04 May ZUŠ Open
An evening full of joy, youthful energy, and musical beauty! This time, the JFO Orchestra joins forces with talented pupils from primary art schools. Together, they will perform Pyotr Ilyich Tchaikovsky’s Rococo Variations — a work radiant with elegance and charm, inspired by his admiration for Mozart — and Dvořák’s Eighth Symphony, which shines with optimism, melody, and love for the Czech countryside.

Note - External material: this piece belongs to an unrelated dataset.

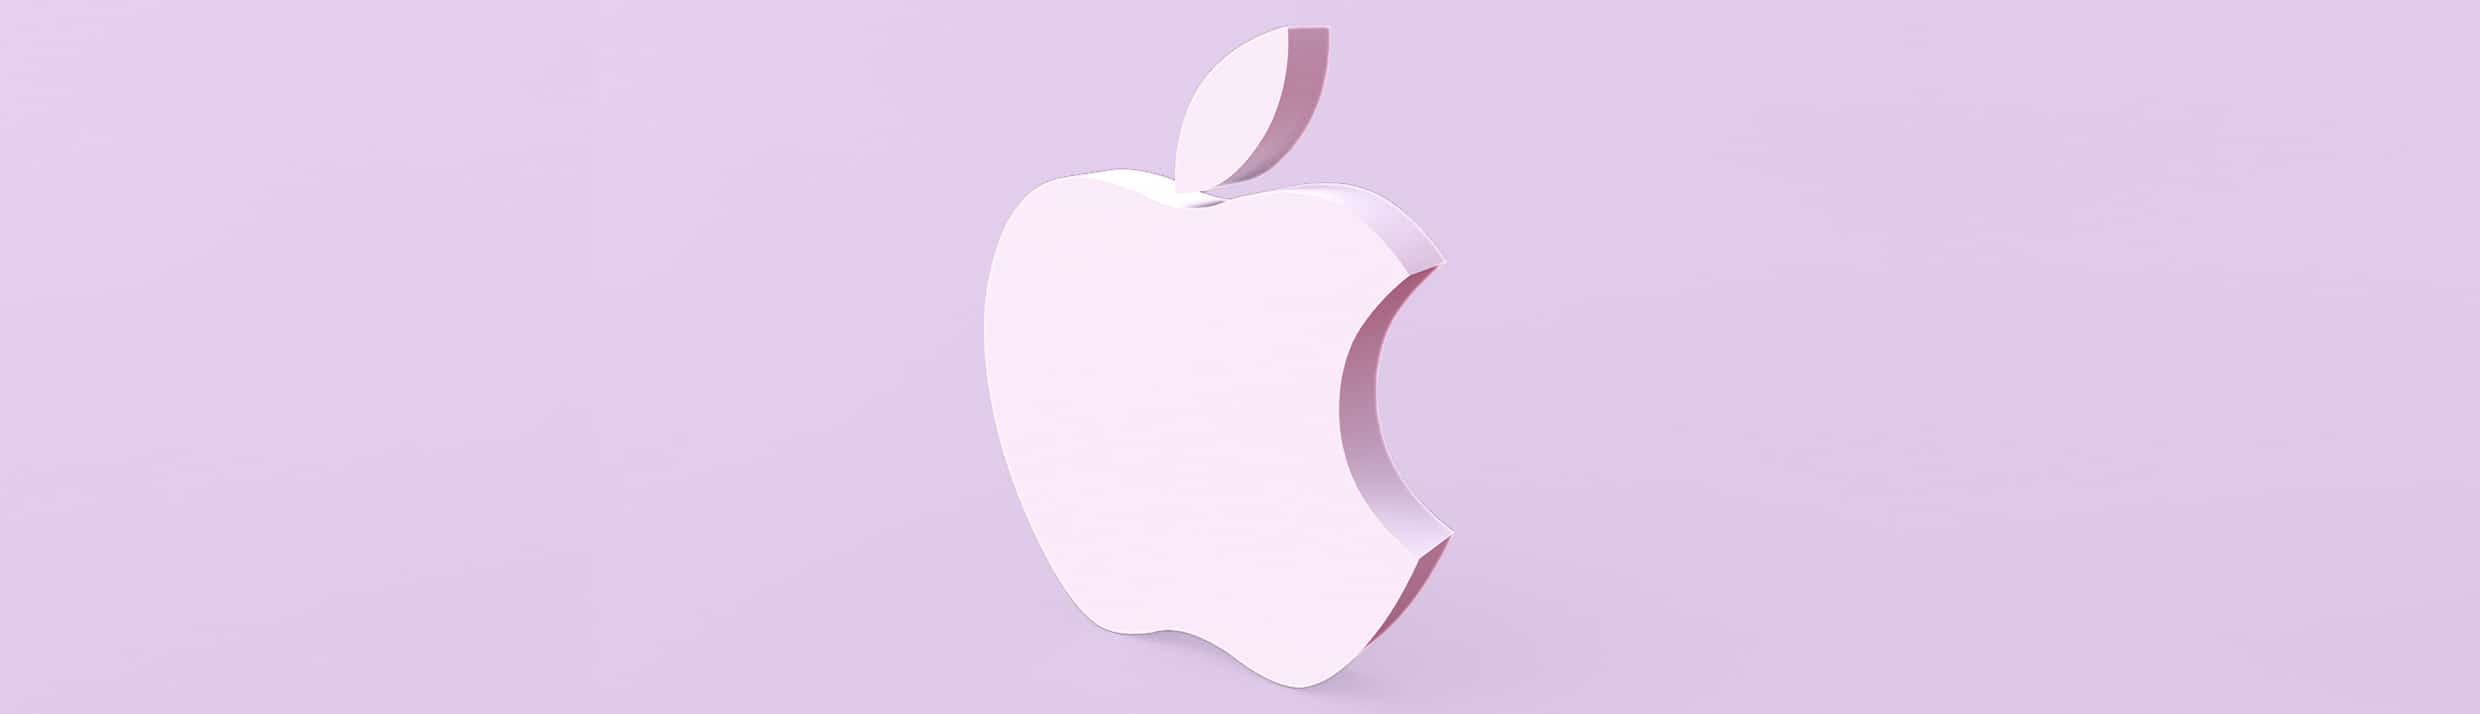 Le logo Apple est positionné au centre, le logo est d'une couleur violet clair qu'on retrouve également en arrière-plan.

For Pyotr Ilyich Tchaikovsky, Mozart’s music was one of the unattainable ideals. From childhood, Tchaikovsky studied Mozart’s scores, developing a particular fondness for Don Giovanni, and in his mature years he found balance and serenity in the Mozartian style. The composer’s Variations on a Rococo Theme for cello and orchestra, written in 1876–1877 for the German cellist Wilhelm Fitzenhagen, a professor at the Moscow Conservatory, may also be seen as a tribute to Mozart. This graceful and elegant work, based on Tchaikovsky’s own Rococo-styled theme, remains a beloved staple of the cello repertoire.
“The sun is always shining in Dvořák’s music,” the once-feared Viennese critic Eduard Hanslick famously declared. Dvořák’s Eighth Symphony is likewise a work filled with joy in life and admiration for beloved nature. Most of the symphony was composed in late summer 1889, while Dvořák was staying at Vysoká, his country summer residence near Příbram, and it was completed in Prague in November of the same year. Dvořák’s brilliant compositional invention gave rise to a work of rich and varied moods, whose melodic abundance clearly reveals the influence of Czech folk music. The Eighth Symphony ranks among the most beautiful of Dvořák’s mature orchestral works.
For this concert, the members of the JFO Orchestra will be joined by talented pupils from primary art schools.